Die Sportwelt und das FBI eint seit Monaten eine Frage: Wer soll den Fußball retten und Chef der korrupten Fifa werden? Seit Sepp Blatter im Juni ein paar Tage nach seiner Wiederwahl seinen Rücktritt fürs nächste Jahr angekündigt hat, sucht der Weltfußballverband einen Nachfolger. Michel Platini will es werden, doch macht er niemandem Hoffnung, weil er aus dem System Fußball kommt, aus der Blatter-Schule.

Diese Woche wurde bekannt, dass ein neuer Name im Rennen ist: Kirsan Iljumschinow. Tatsächlich erfüllt er eine Bedingung derjenigen, die noch an eine Fifa-Reform glauben: Er kommt von außen, nämlich vom Schachbrett. Eigentlich ist der 52-jährige russische Geschäftsmann bis 2018 als Präsident des Weltschachbunds Fide gewählt. Als ihn sein Landsmann Andrei Filatow auf dem jährlichen Kongress der Fide in Abu Dhabi vor einer Woche als hervorragenden Sportmanager pries und ihm die Fifa-Kandidatur nahelegte, hätte Iljumschinow sich für das Kompliment bedanken und zur Tagesordnung übergehen können. Stattdessen ließ er kurz darauf eine Presseerklärung verbreiten, in der er seine Fifa-Kandidatur mitteilte.

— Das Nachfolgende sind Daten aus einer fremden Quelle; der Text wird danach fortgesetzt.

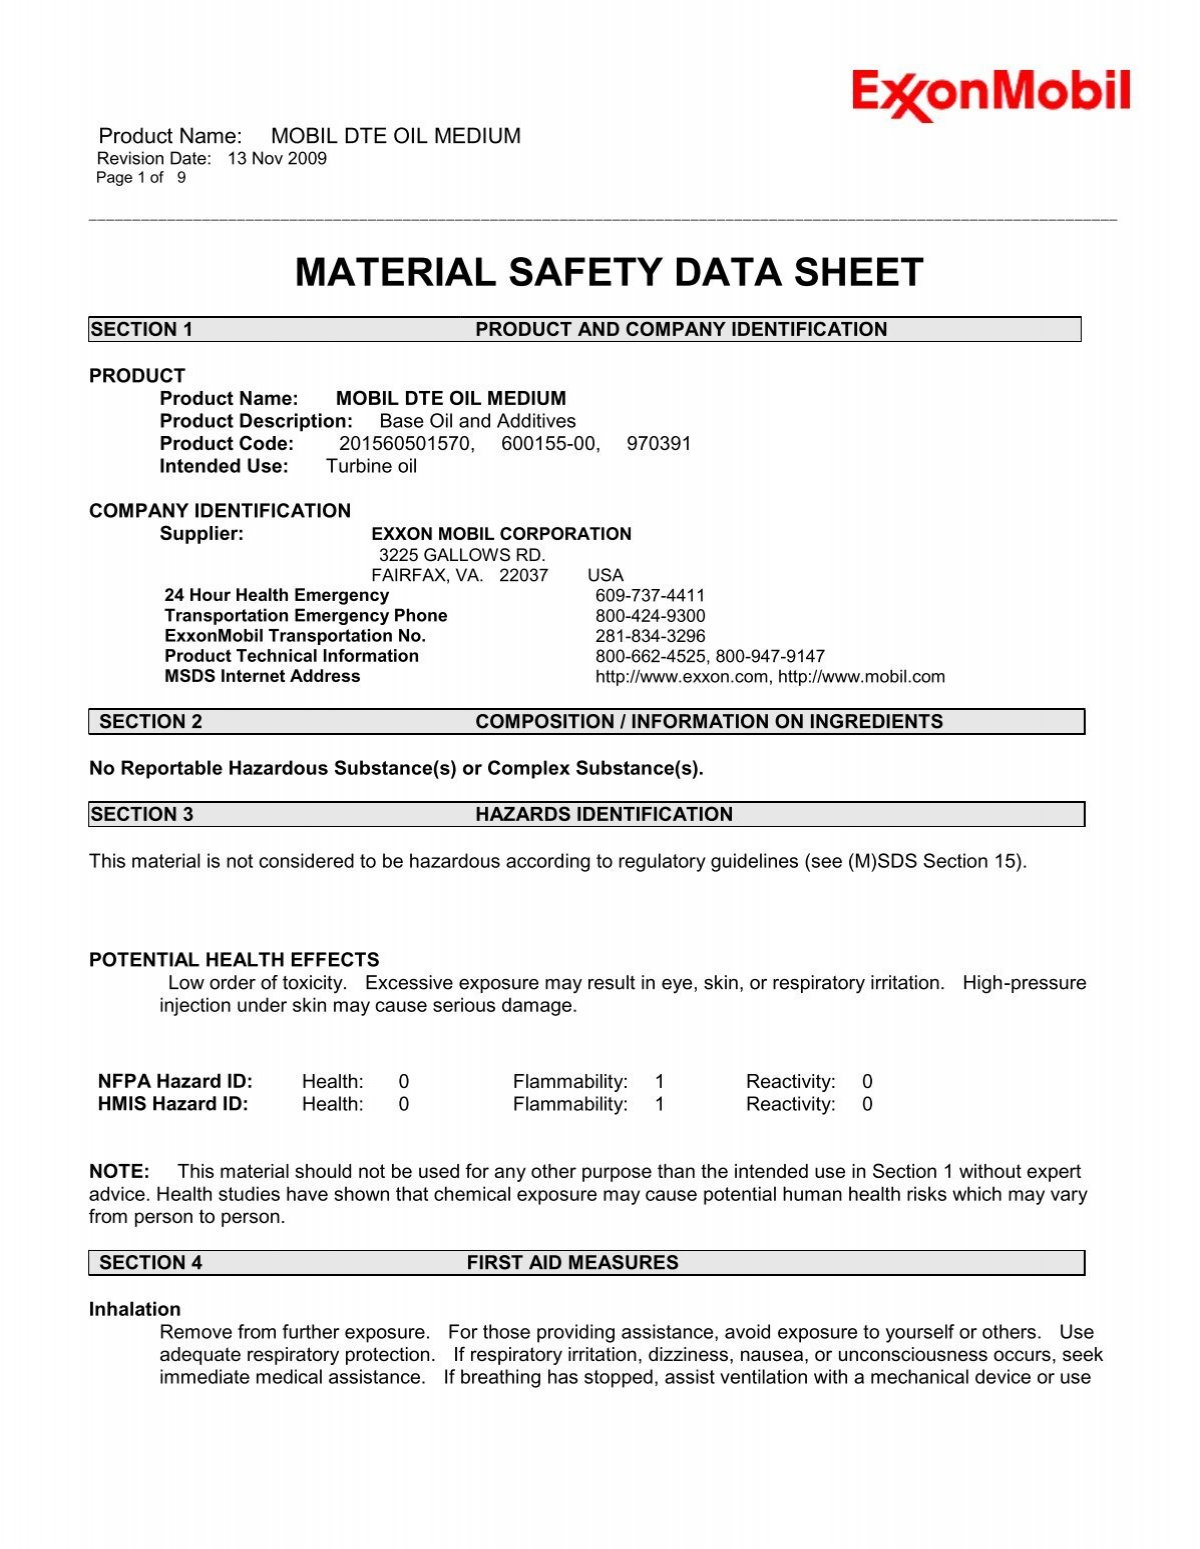 Lemsolv Safety Data Sheet Material Safety Data Sheet Msds Hot Sex Picture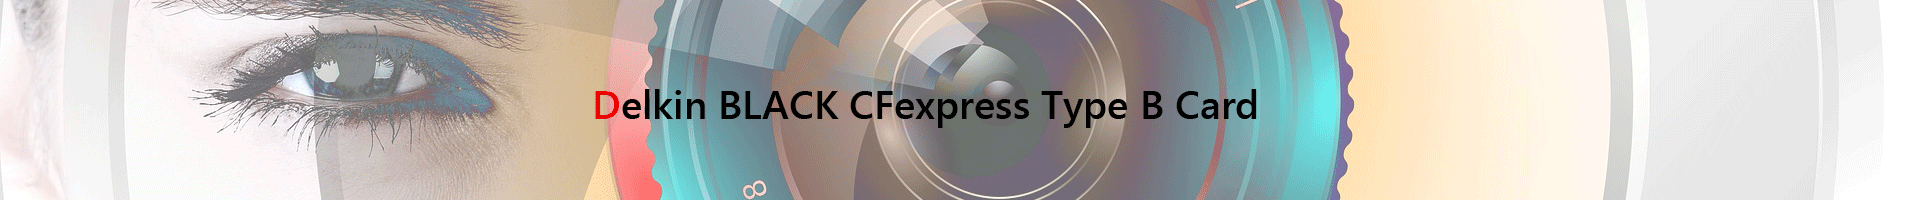  Delkin BLACK CFexpress Type Bカードの特徴

Die Reaktion der Fußballwelt steht noch aus, doch die anwesenden Schach-Funktionäre sollen laut applaudiert haben. So steht es jedenfalls in der Presseerklärung. Im Rest der Schachwelt fielen die Reaktionen gegenteilig aus. Manche halten das für eine gute Idee. Aber aus einem anderen Grund: Sie wären froh, Iljumschinow loszuwerden. 

Einen Leser der Website Chessbase brachte das eigenwillige Kongressplakat auf die Idee, Iljumschinow mit der abgebildeten Rakete irgendwohin zu schießen, wo er im Schach keinen Schaden mehr anrichten kann. Michael Greenguard, die rechte Hand von Iljumschinows Gegenspieler und Exweltmeister Garri Kasparow, twitterte: "Ich habe Kirsans Kampagnenslogans parat: Wenn Sie Blatter mochten, werden Sie Iljumschinow lieben: Halb so viel Promotion, doppelt so viel Korruption." Der langjährige englische Weltklassespieler Nigel Short ätzte: "Ich kann es kaum erwarten, dass Blatter Fide-Präsident wird. Dann sind alle unsere Probleme gelöst."

Dass Iljumschinow überrascht gewesen sei von Filatows Vorschlag einer Fifa-Kandidatur, wie es in Filatows Manuskript heißt, dürfte glatt gelogen sein. In Fide-Kreisen kursiert die Idee seit Monaten, sie wird herzlich belacht. Wie so oft. Die Funktionäre sind es gewohnt, dass ihr Präsident mit sonderbaren Mitteln in die Schlagzeilen strebt.

Arabische Diktatoren sind seine Spezialität

Als junger Gouverneur der bitterarmen südrussischen Region Kalmückien sauste Iljumschinow im weißen Rolls Royce durch die Steppe. Die Journalistin Larisa Judina, die ihn durch Recherchen kritisiert hatte, wurde tot im Straßengraben gefunden. Iljumschinow hatte natürlich nichts damit zu tun. Als Fide-Präsident brüstete er sich mit Abermillionen, die er unters Schachvolk streute, das sich chronisch vernachlässigt fühlt. Die Fifa bekäme eine Art Blatter-Kopie.

In einer seiner ersten Amtshandlungen besuchte er 1996 Saddam Hussein und wollte die Schach-WM trotz UN-Sanktionen in Bagdad austragen lassen. Damals wurde der irre Kalmücke noch gestoppt, 2004 aber kam Muammar al-Gaddafi zum Zug und der höchste Fide-Wettbewerb nach Tripolis. Überhaupt sind arabische Diktatoren eine Spezialität von Iljumschinow: Als 2012 der Bürgerkrieg in Syrien losbrach, reiste er nach Damaskus und ließ sich mit Baschar al-Assad am Schachbrett ablichten.